El analizador de micotoxinas ST-2000A es un instrumento analítico necesario para el ensayo inmunoabsorbente ligado a aflatoxinas y enzimáticos. El principio del ensayo inmunoabsorbente ligado a enzimas (ELISA) en fase sólida, es decir, el ensayo inmunoabsorbente ligado a enzimas (ELISA), se compone de este instrumento y el kit B1, que se puede utilizar para determinar el contenido de aflatoxina B1 y otras micotoxinas en muestras. de forma limitada y cuantitativa (si se equipa con otros kits, se pueden detectar otras toxinas).
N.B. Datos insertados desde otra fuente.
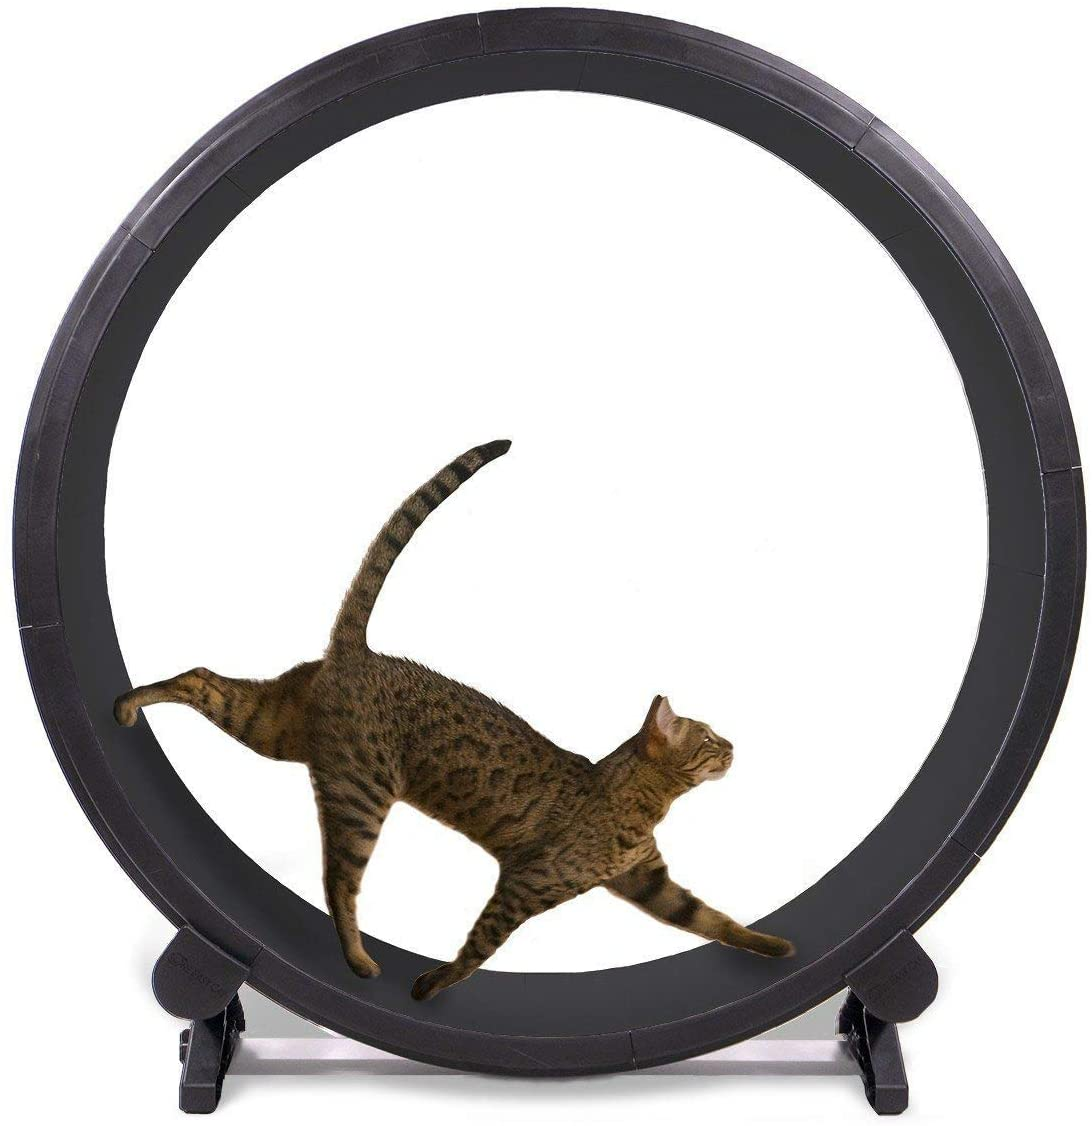 One Fast Cat Exercise Wheel - Black
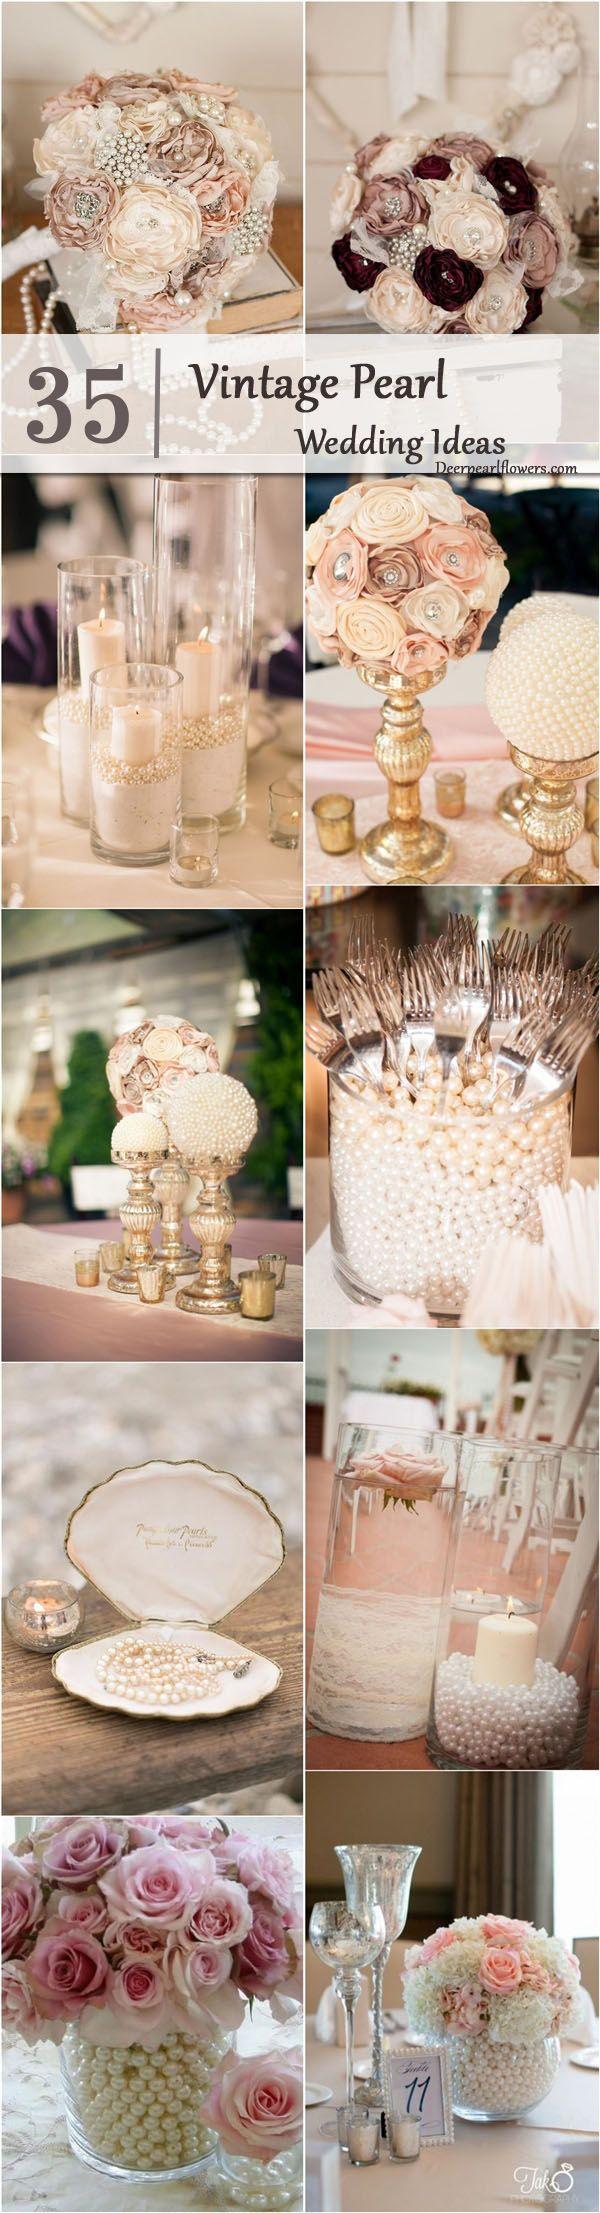 Vintage pearls wedding ideas and themes / http://www.deerpearlflowers.com/vintage-pearl-wedding-ideas/2/

Se utiliza ampliamente en la detección de aflatoxina B1 y otras micotoxinas en alimentos, piensos, aceites, productos lácteos, medicamentos, bebidas, vino y otros productos.

Características de rendimiento:

1. Operación de pantalla: pantalla LCD en color, tablero de distribución de videoteléfono, visualización de información completa de la placa, operación de pantalla táctil

2. Función de placa vibratoria: Velocidad de placa vibratoria de nivel 3, tiempo ajustable de 0 a 255 segundos

3. Estación de trabajo: software profesional de marcador enzimático, que puede almacenar 500 grupos de programas, 100.000 resultados de muestras y proporcionar modos de cálculo enriquecidos como absorbancia, ecuación lineal, ecuación logarítmica, ecuación cuadrática, ecuación cúbica, ecuación logarítmica de concentración porcentual de absorbancia, spline. función, tasa de inhibición, etc.

Parámetros técnicos:

Fuente de luz: lámpara halógena importada DC12V 22W

Rango de longitud de onda: 400-900 nm

Filtro: 405, 450, 492, 630 nm como estándar, otras longitudes de onda opcionales

Rango de lectura: 0－4.000Abs

Resolución: 0,001 Abs

Error de indicación: ≤±0.01Abs

Estabilidad: ≤±0.003Abs

Repetibilidad: ≤ 0,3%

Tamaño: 400 mm × 260 mm × 200 mm

1 Principio y aplicación

Este kit utiliza el método ELISA competitivo indirecto para detectar la aflatoxina B1 (AFB1) en cereales, piensos y otras muestras. El kit se compone de una placa marcada con enzimas prerecubierta con antígeno de acoplamiento, marcador enzimático de rábano picante, anticuerpo, estándar y otros reactivos compatibles. Durante la prueba, agregue la solución estándar o de muestra, la aflatoxina B1 en la muestra y la placa de enzimas se recubren previamente con el antígeno conjugado para competir por el anticuerpo anti-aflatoxina B1. Después de agregar el marcador enzimático, use el sustrato TMB para desarrollar el color. El valor de absorbancia de la muestra se correlaciona negativamente con el contenido de aflatoxina B1 contenida en la muestra. La cantidad residual de aflatoxina B1 en la muestra se puede obtener comparándola con la curva estándar.

2 indicadores técnicos

2.1 Sensibilidad del kit: 0,03 ppb (ng/ml)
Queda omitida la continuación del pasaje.